Оливье ехал, опустив поводья и предоставляя лошади идти как знает.
Его семья, уроженцы Лимузена, пользовались некоторым влиянием в провинции во время смут, целое столетие волновавших королевство.
Отец Оливье, умерший за два года до начала нашего рассказа, оставил сыну громадное по тому времени состояние; Оливье, молодой, богатый, предприимчивый, не играл никакой роли ни в своей партии, ни в католической, а чувствовал между тем, что в нем начинает пробуждаться честолюбие и еще другое чувство, быть может; он не анализировал разнообразных ощущений, которые его волновали.
Отец был строг и никогда не допускал возражений; привычка покоряться его железной воле развила в молодом человеке слабость характера. Он отличался редкой добротой, замечательной отвагой и благороднейшим характером, но в нем навсегда осталась склонность слушаться чужих указаний, сомневаться в себе, и это сделало его беспокойным, подозрительным, нерешительным, как мы уже видели даже в пустом случае. При первом энергичном слове или намеке человека с более сильным характером он подчинялся и поступал часто против своего собственного желания.

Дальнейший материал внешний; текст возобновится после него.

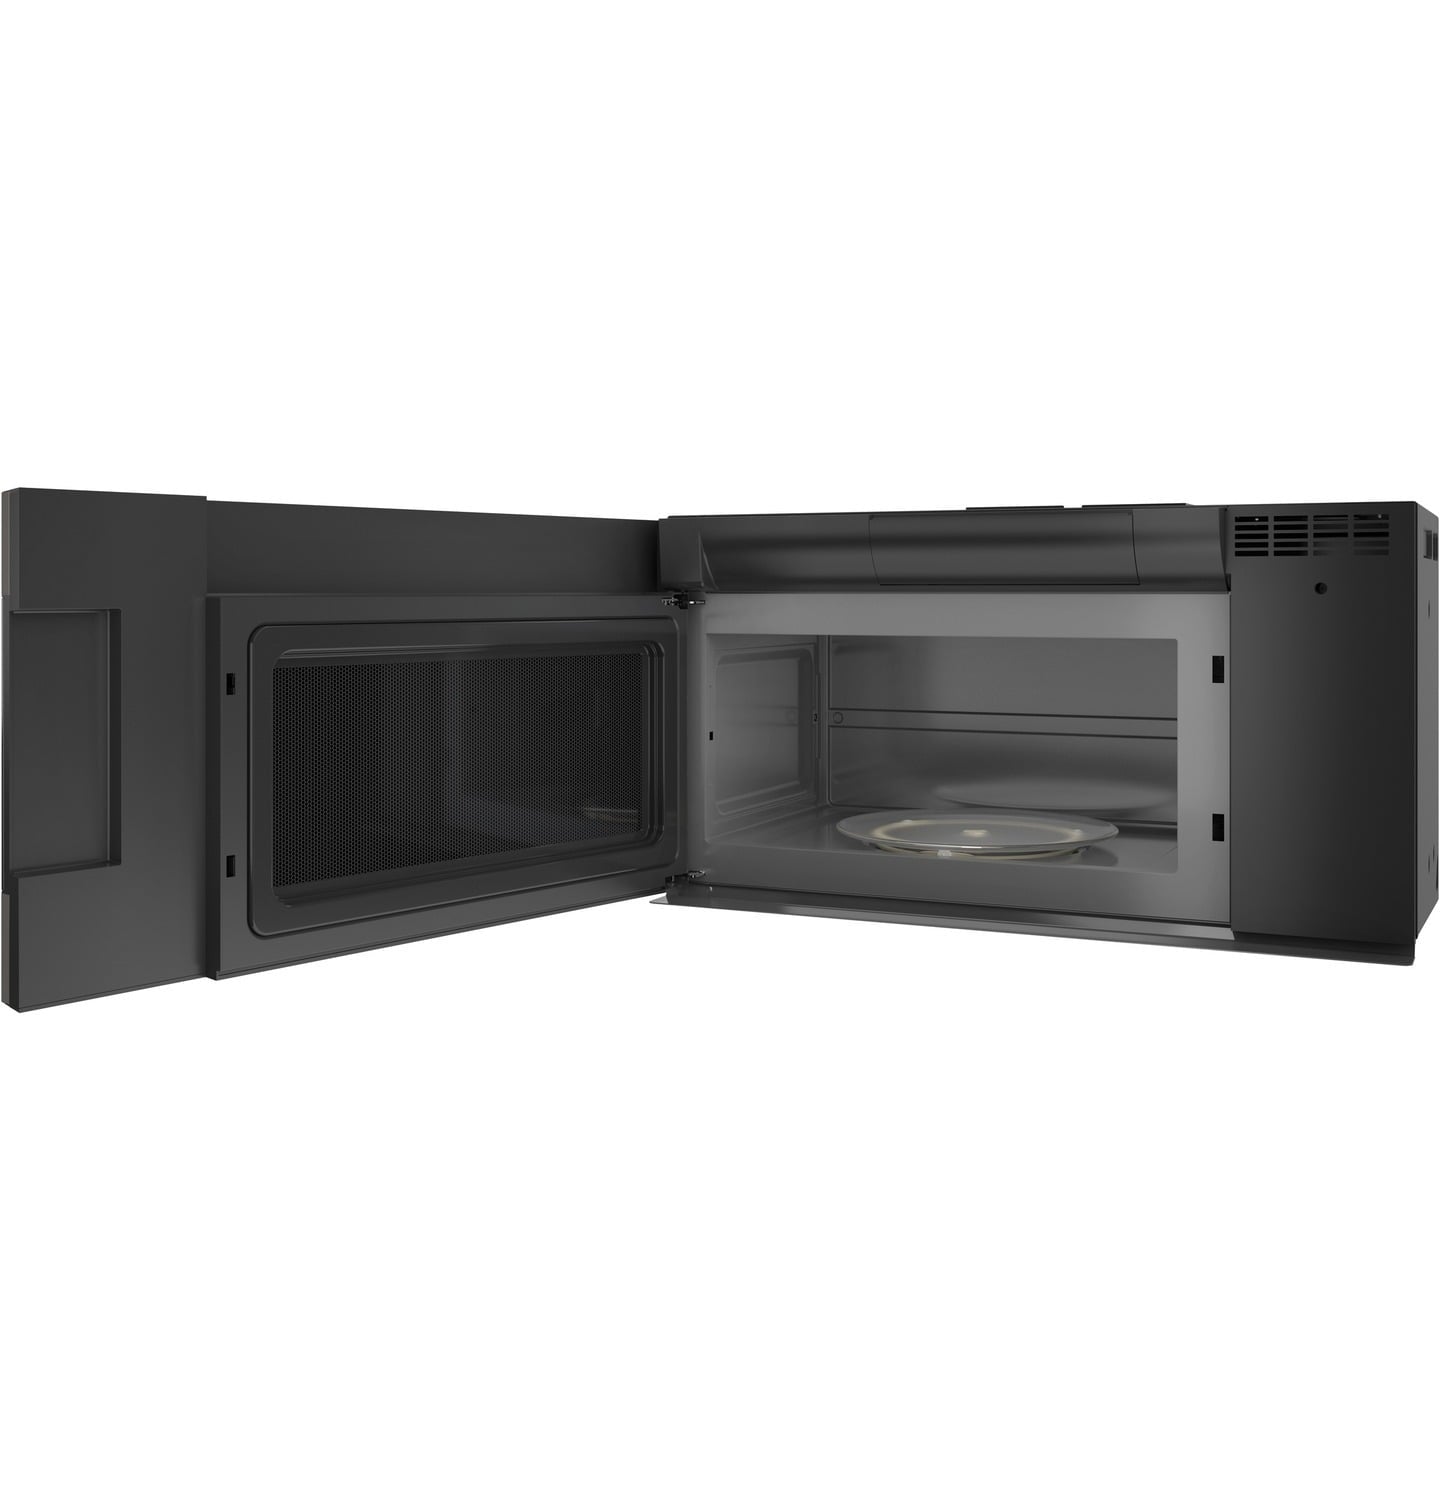 Haier QVM7167BNTS 30" 1.6 Cu. Ft. Smart Over-The-Range Microwave Oven

Он и не думал получать никакого приглашения на охоту к графу де Шермону, и Бог знает, как бы ему удалось выпутаться из своей лжи, если б не вмешалась Диана. Но тут, когда дело уже обошлось и он был свободен поступить как знает, ему досадно стало и на свою собственную неловкость, и на девушку за ее вмешательство, и на графиню, зачем она так скоро согласилась с мнением мадмуазель де Сент-Ирем; мания во всем видеть непременно какую-нибудь тайную причину доводила его даже до сомнения в такой чистой, простодушно искренней любви жены, которую и сам он любил до безумия.

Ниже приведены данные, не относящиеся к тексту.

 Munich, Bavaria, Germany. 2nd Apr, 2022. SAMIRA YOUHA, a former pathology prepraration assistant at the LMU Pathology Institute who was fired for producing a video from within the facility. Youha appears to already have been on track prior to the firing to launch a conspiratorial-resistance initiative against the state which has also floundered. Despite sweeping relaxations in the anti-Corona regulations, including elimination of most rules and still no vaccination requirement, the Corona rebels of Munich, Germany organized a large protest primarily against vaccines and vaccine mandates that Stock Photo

Мы немножко подробно описали графа дю Люка, но нам нужно хорошенько его узнать со всеми его достоинствами и недостатками, так как виновником своего несчастья был единственно он сам.
Доехав до подошвы холма, граф подогнал лошадь и остановился у трактира с ярко освещенными окнами.
На стук лошадиных копыт вышел слуга; луна светила очень ярко; узнав графа, слуга почтительно снял шапку и поспешил подхватить лошадь под уздцы. Оливье соскочил с седла.
— Подержи мою лошадь, Бенжамен, — ласково сказал он, — я на минуту.
Комната, в которую вошел граф Оливье, была большая и очень ярко освещенная; там сидел только тот солдат, которого мы видели вечером на деревенской дороге. За прилавком стояла хозяйка. Солдат сидел у стола, положив возле себя пистолеты и огромную рапиру, и аппетитно ужинал жареным кроликом, запивая страшно кислым вином, однако не морщась и, видимо, находя его даже очень вкусным. Ведь на вкус и цвет товарища нет.
Увидев графа, хозяйка подбежала к нему с почтительными поклонами. Солдат поднял было голову, равнодушно взглянул на вошедшего, но сейчас же опять перестал обращать на него внимание и деятельно принялся оканчивать ужин.
— Вы здесь, господин граф! — вскричала хозяйка.
— Тс-с, Мадлена! — отвечал он, приложив палец к губам. — Не называйте меня! Где ваш отец? Он, вероятно, меня ждет?
— Да, монсеньор.
— Опять? — с улыбкой упрекнул ее Оливье.
— Простите, сударь.
— Ну хорошо, дитя мое; дайте мне вина вон на тот стол, — показал он на стол против того, за которым сидел солдат, — и попросите старика ко мне.
— Сюда, сударь?
— Да, дитя мое.
— Иду, сударь!
И она убежала, легкая, как птичка. Граф сел и для виду налил себе вина.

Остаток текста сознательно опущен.